• [The problem]:
Only the lines from the one with "Download Wallpaper Ferrari" through the end of the material are wanted, copied exactly and with the pictures left out.

• [Supplied data]:

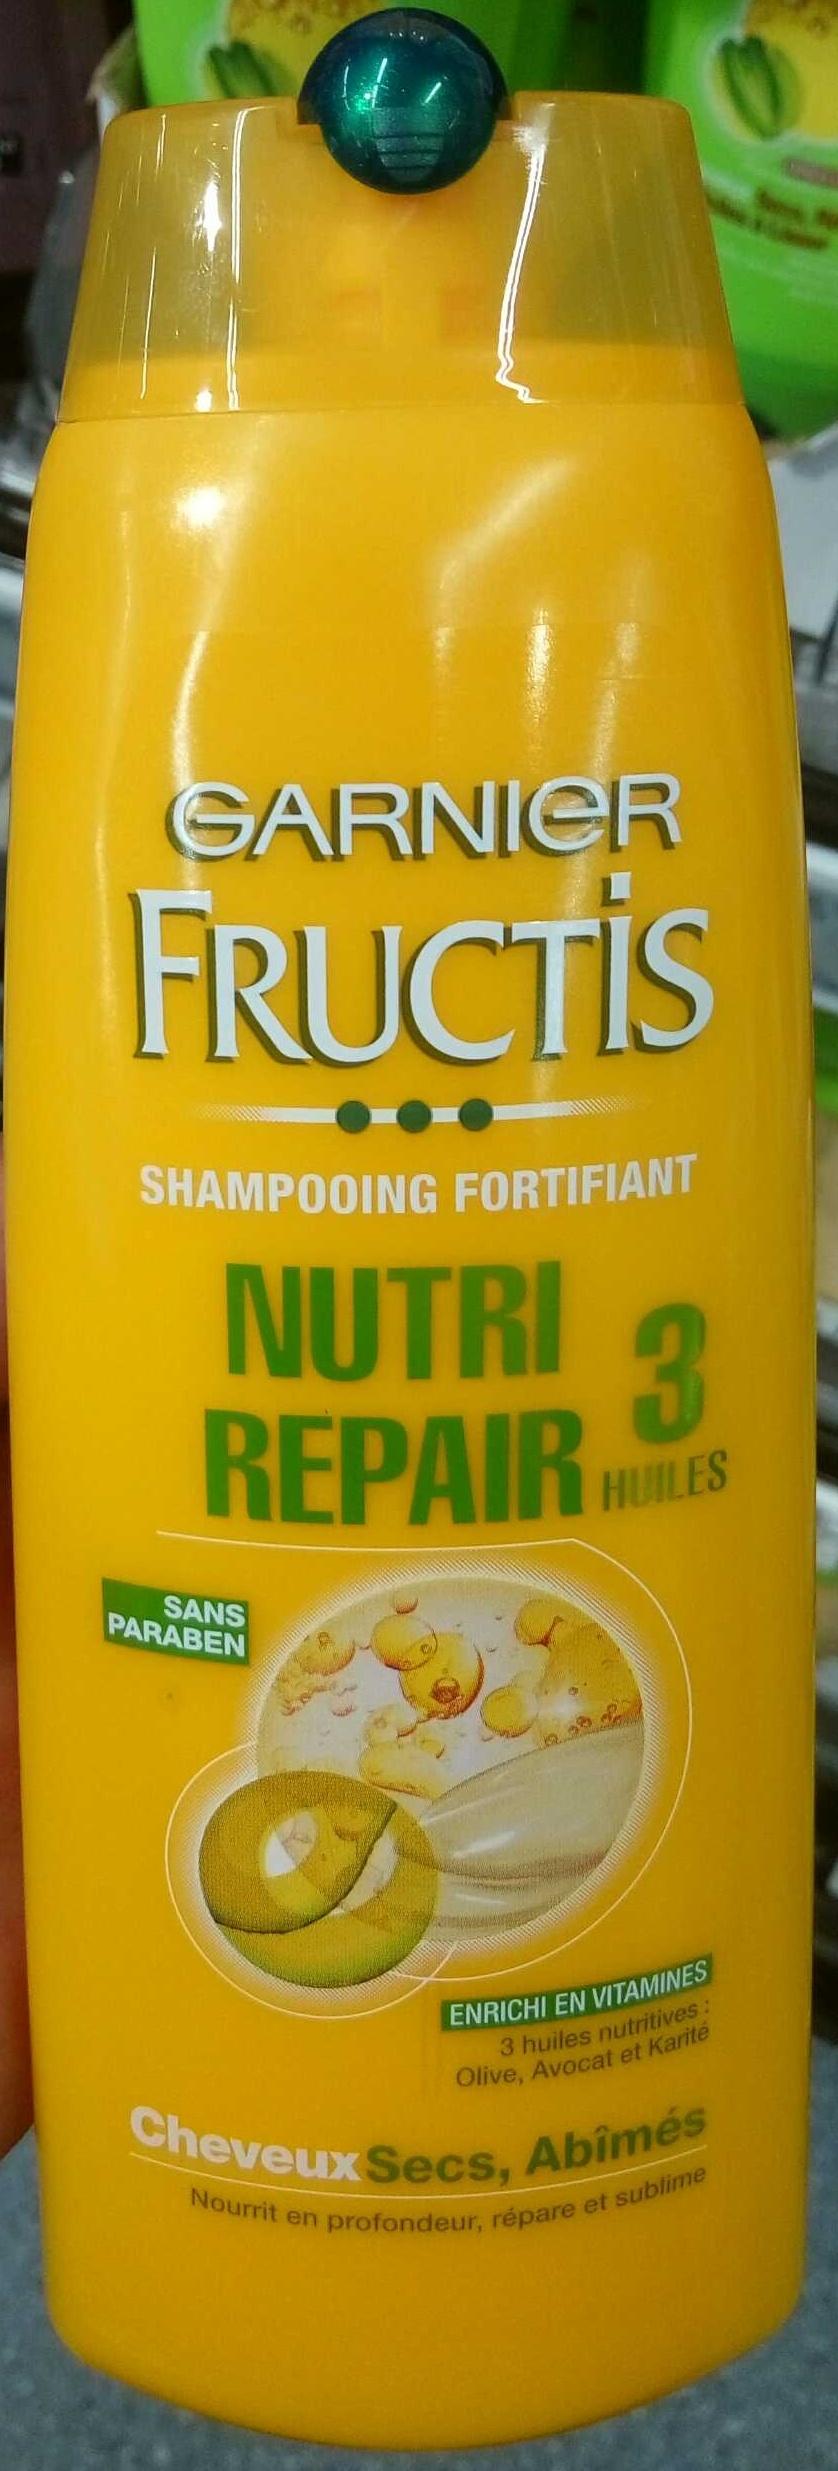 Fructis Nutri Repair 3 Huiles - Produit - fr
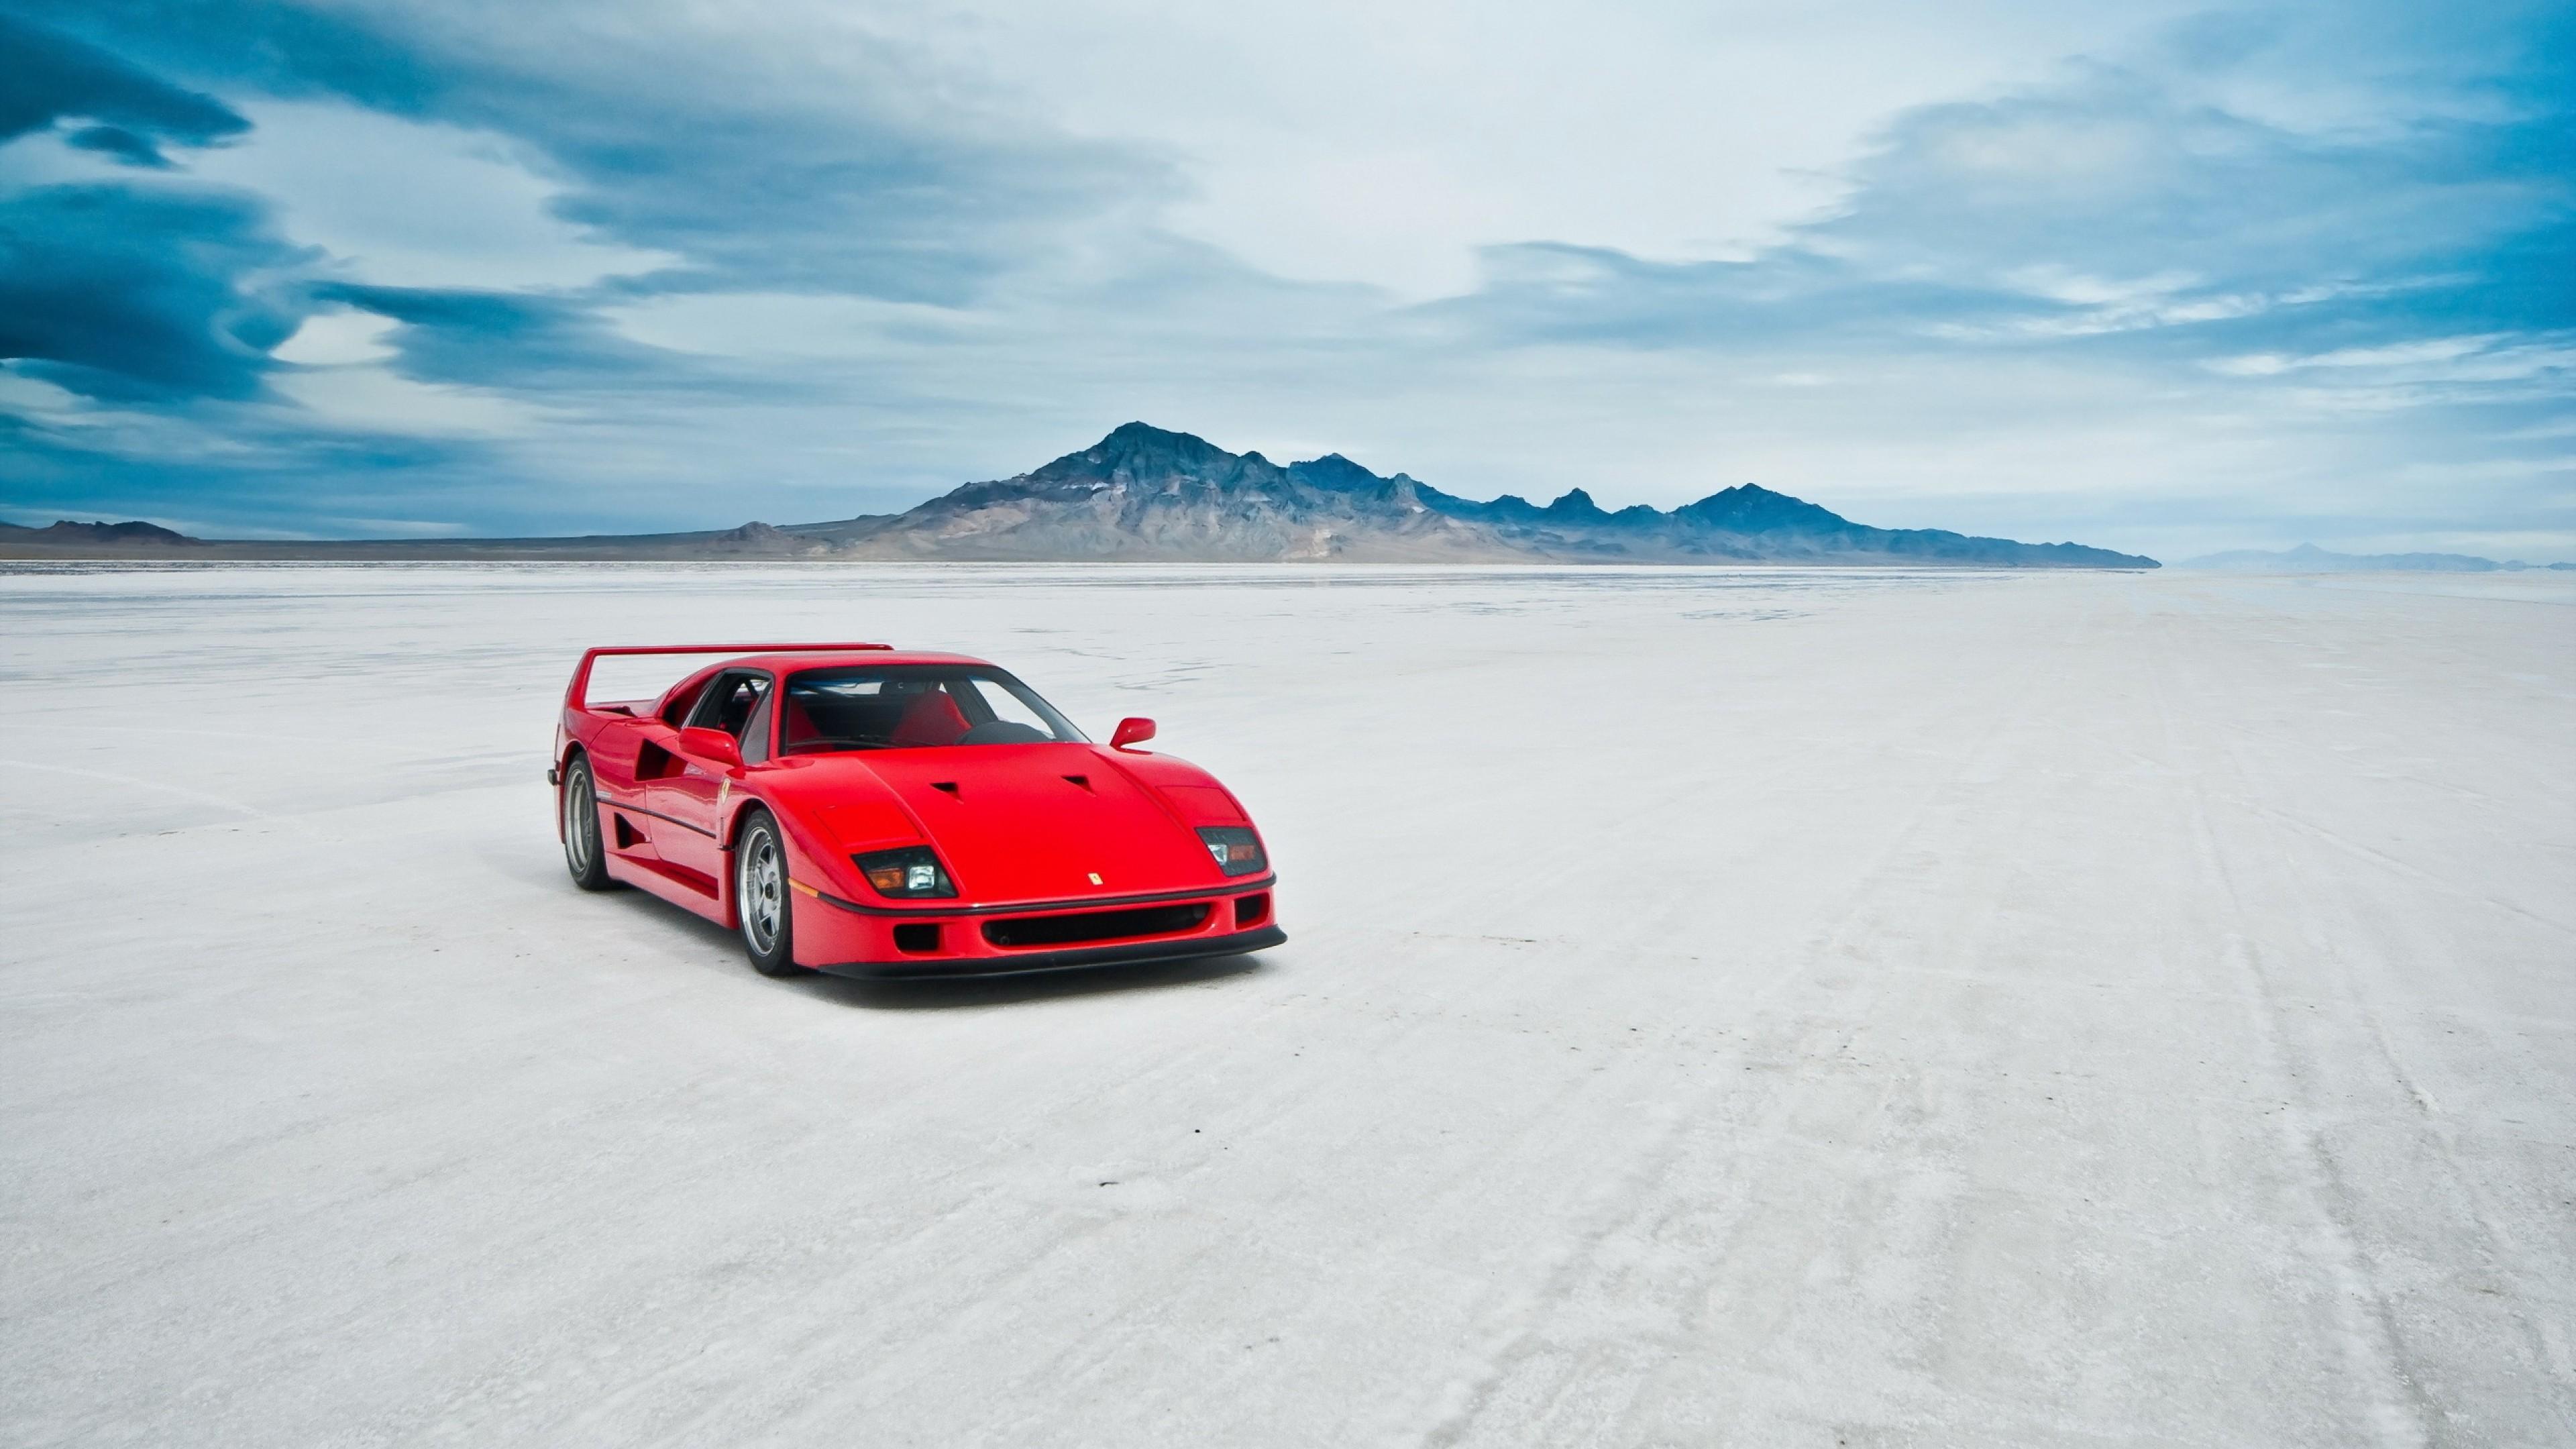 Download Wallpaper Ferrari F40, Lake, Machine 4K Ultra .
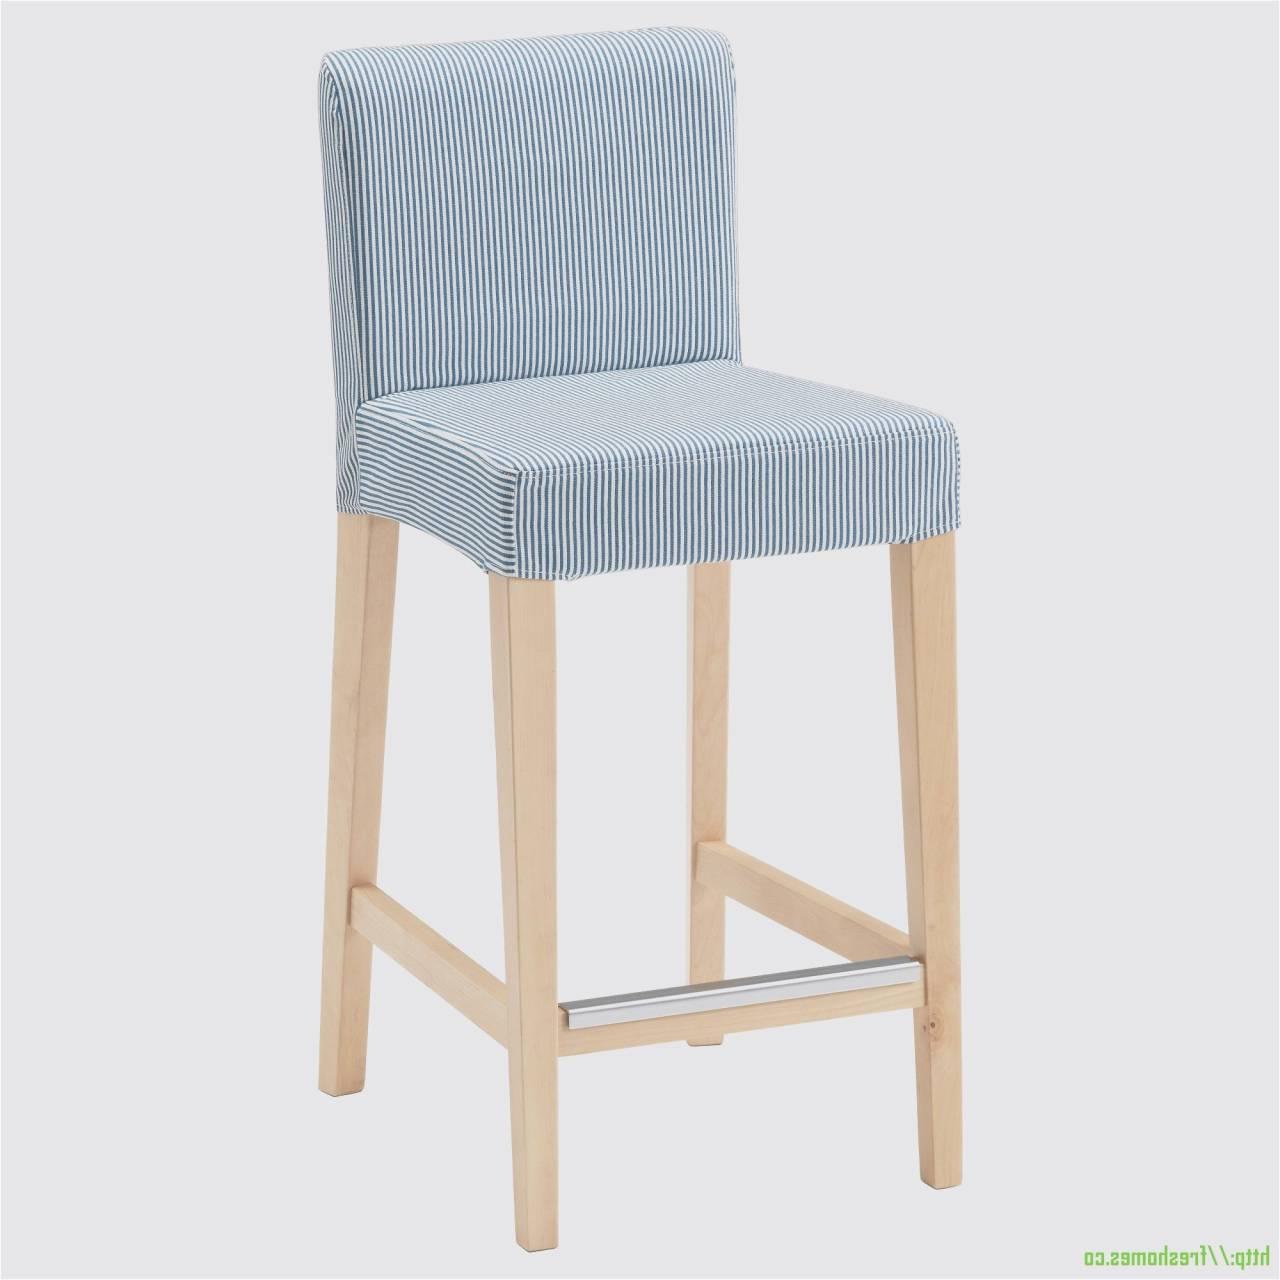 Coussin Chaise Jardin Ikea - Home Design concernant Chaises De Jardin Ikea
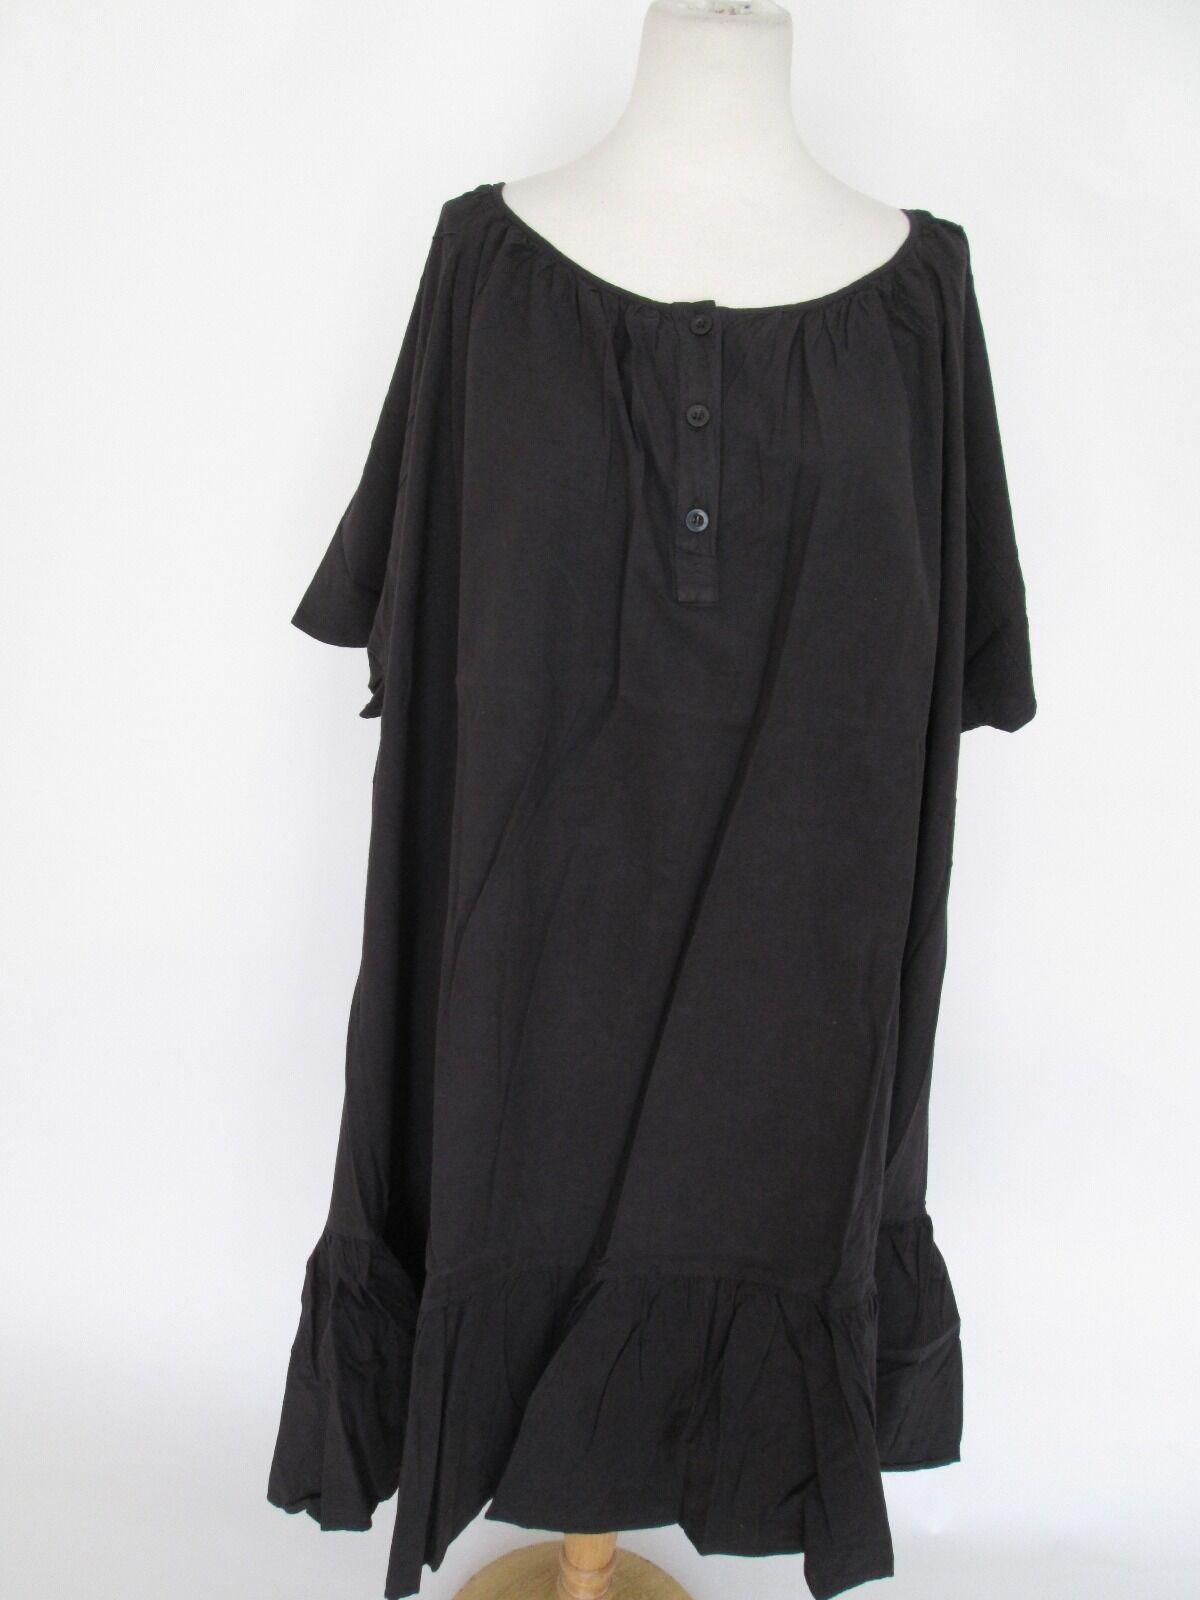 MOO-MOO CRINKLE DRESS BY CHANNA-,2X,3,X4X,5X,6X

• [Answer below]:
 Download Wallpaper Ferrari F40, Lake, Machine 4K Ultra .
 Coussin Chaise Jardin Ikea - Home Design concernant Chaises De Jardin Ikea
 MOO-MOO CRINKLE DRESS BY CHANNA-,2X,3,X4X,5X,6X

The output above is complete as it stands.